--- WORK REQUIRED ---
What you should give back is a precise copy of the lines below from the one containing "8_types_of_video_content2" through the one containing "Range with Convection", with no pictures.

--- SUPPLIED MATERIAL ---
┌──

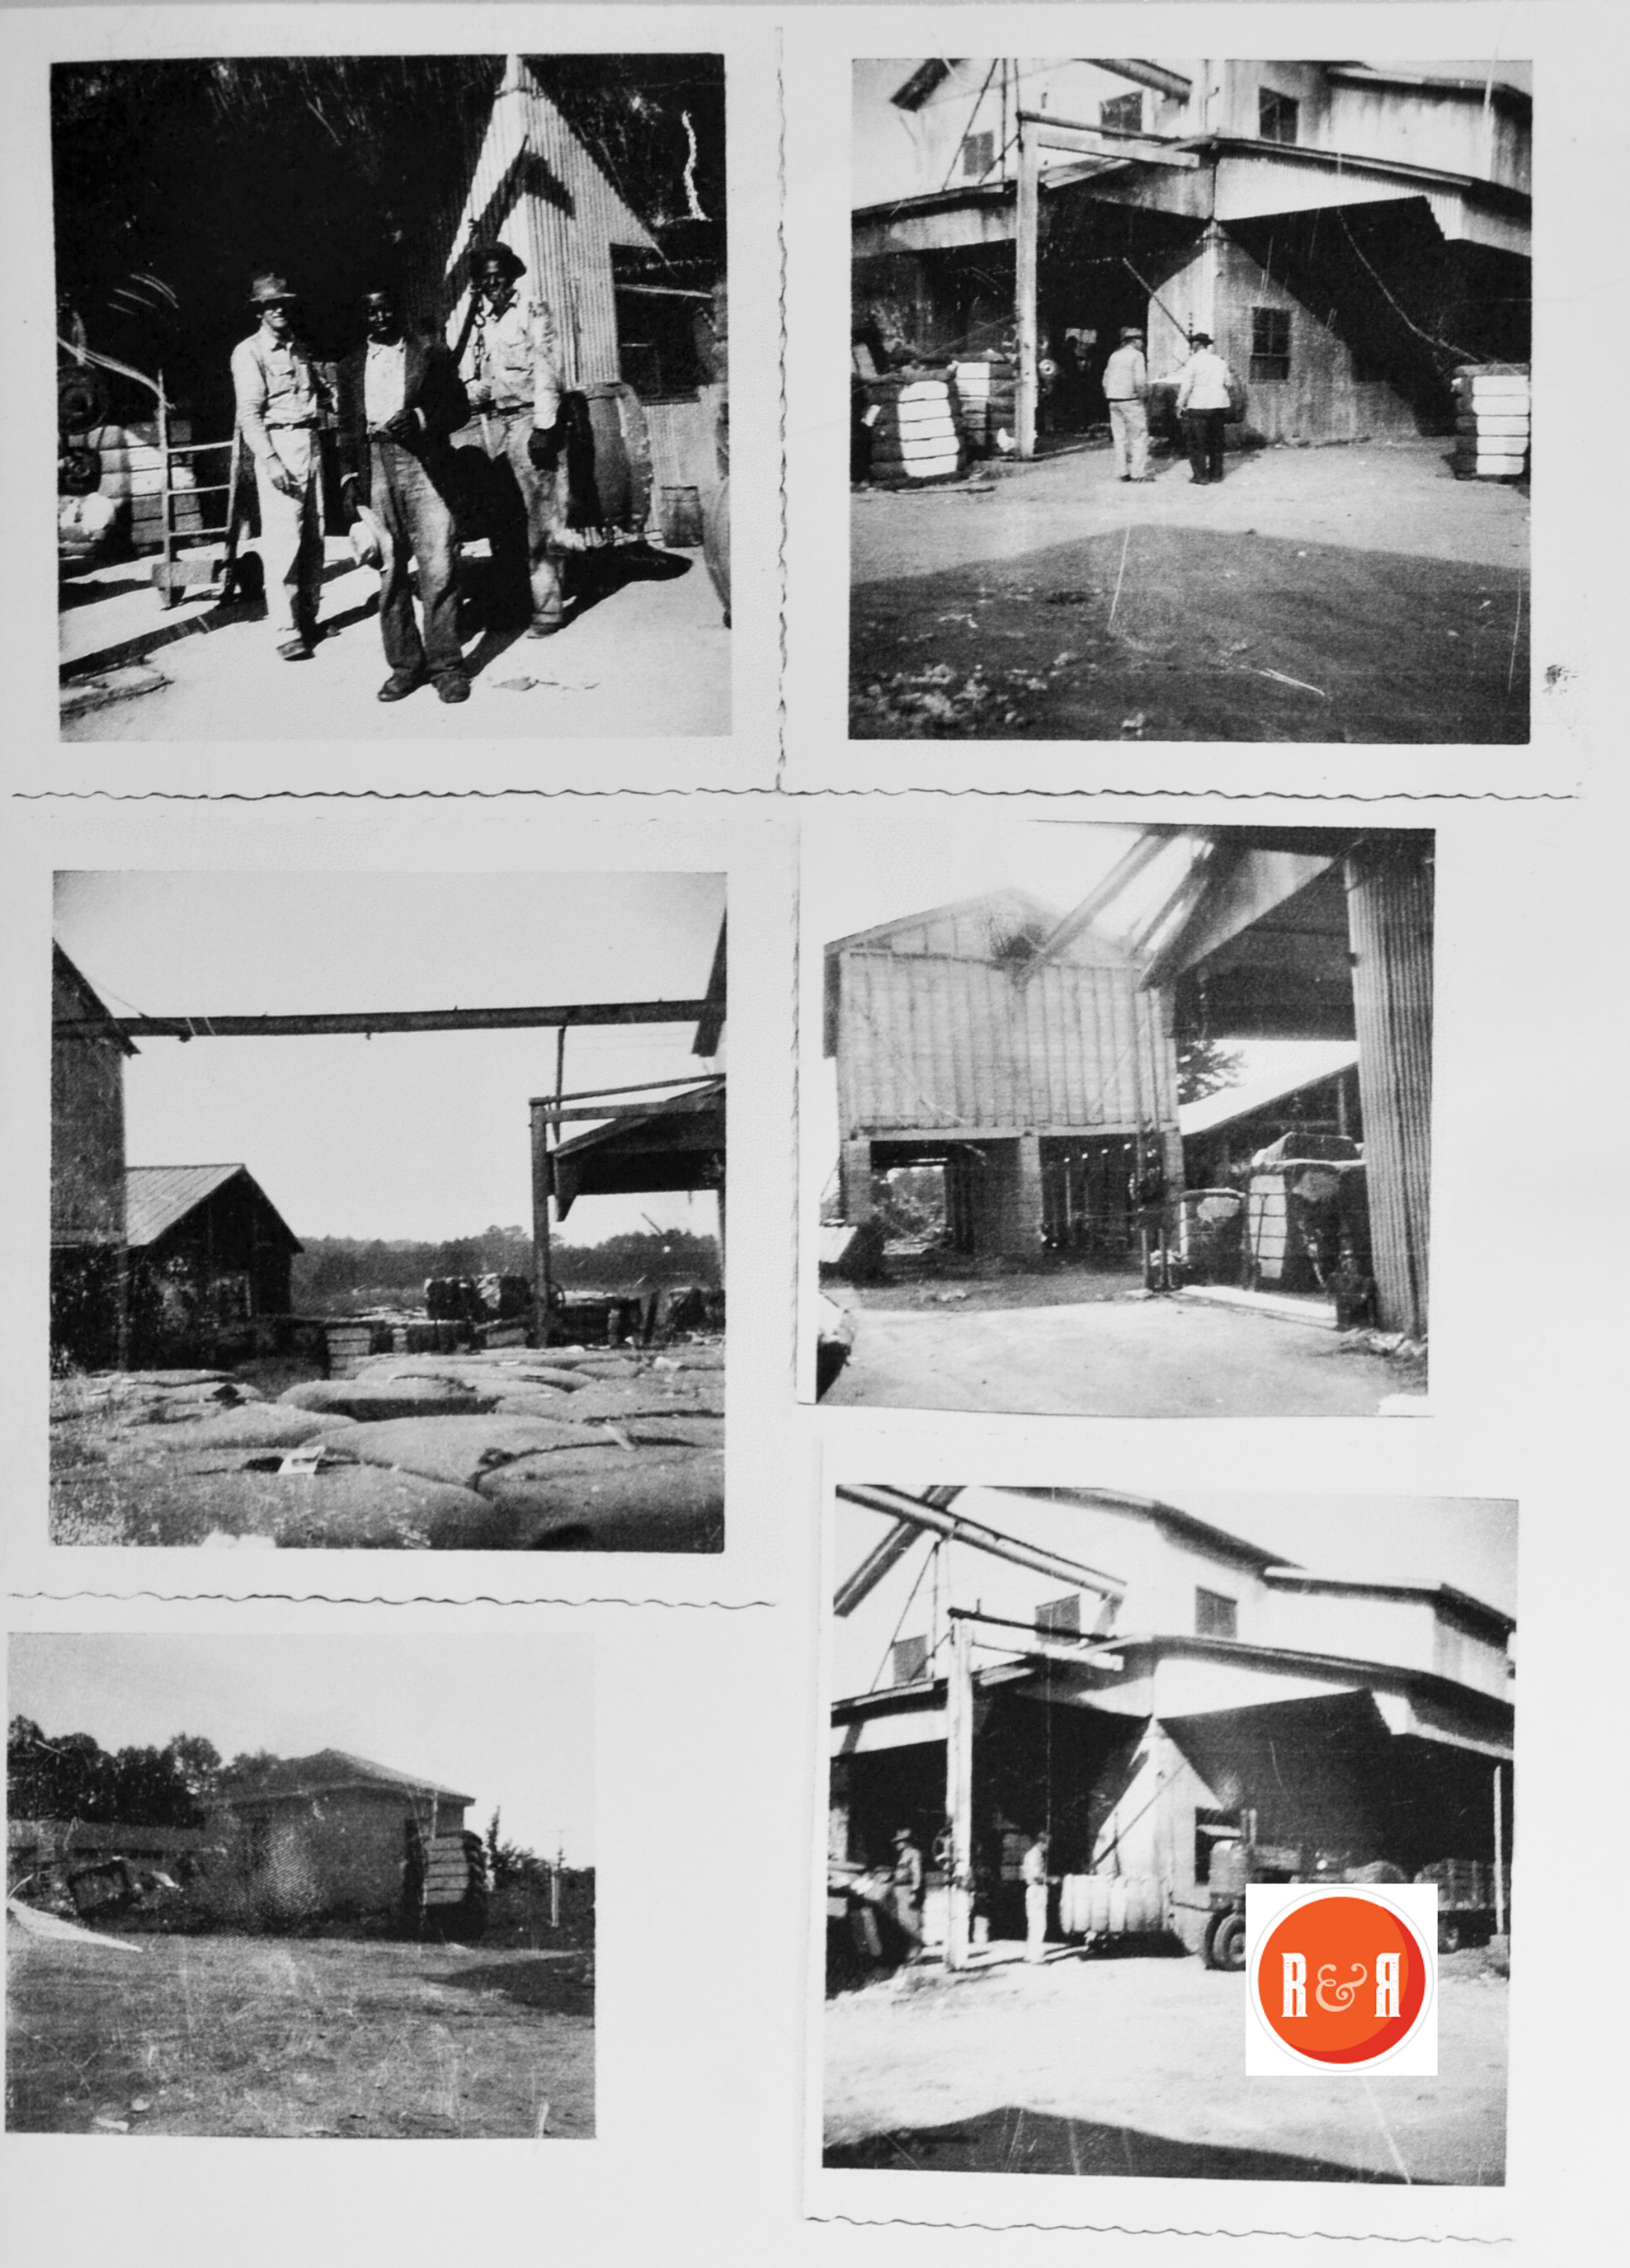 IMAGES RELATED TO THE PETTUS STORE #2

└──
┌──

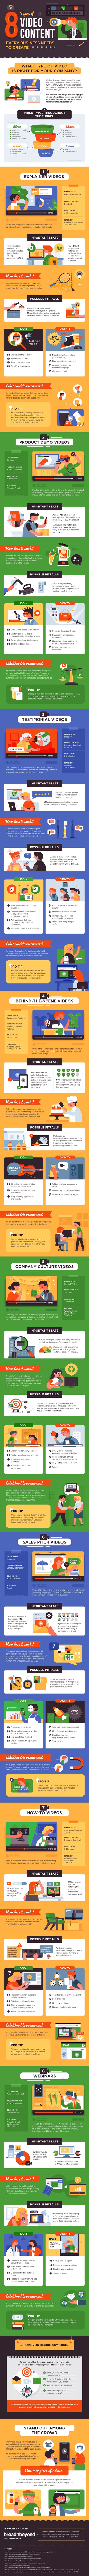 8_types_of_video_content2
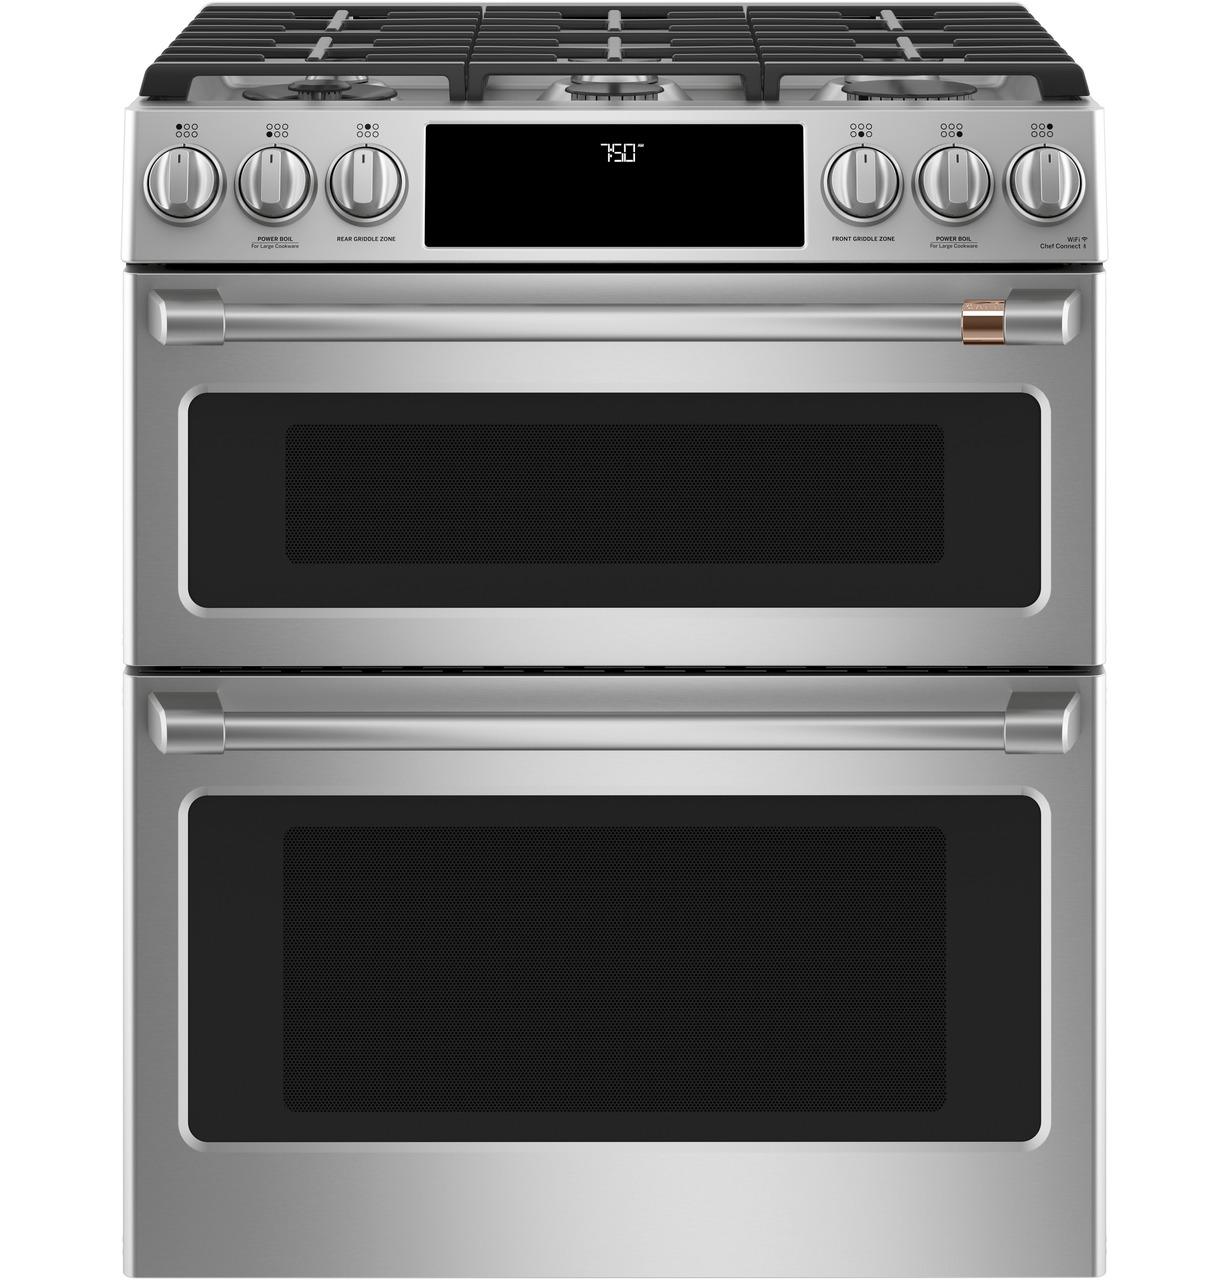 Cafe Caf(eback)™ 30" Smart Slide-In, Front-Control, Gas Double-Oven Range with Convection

└──

--- OUTPUT OF THE EXERCISE ---
 8_types_of_video_content2
 Cafe Caf(eback)™ 30" Smart Slide-In, Front-Control, Gas Double-Oven Range with Convection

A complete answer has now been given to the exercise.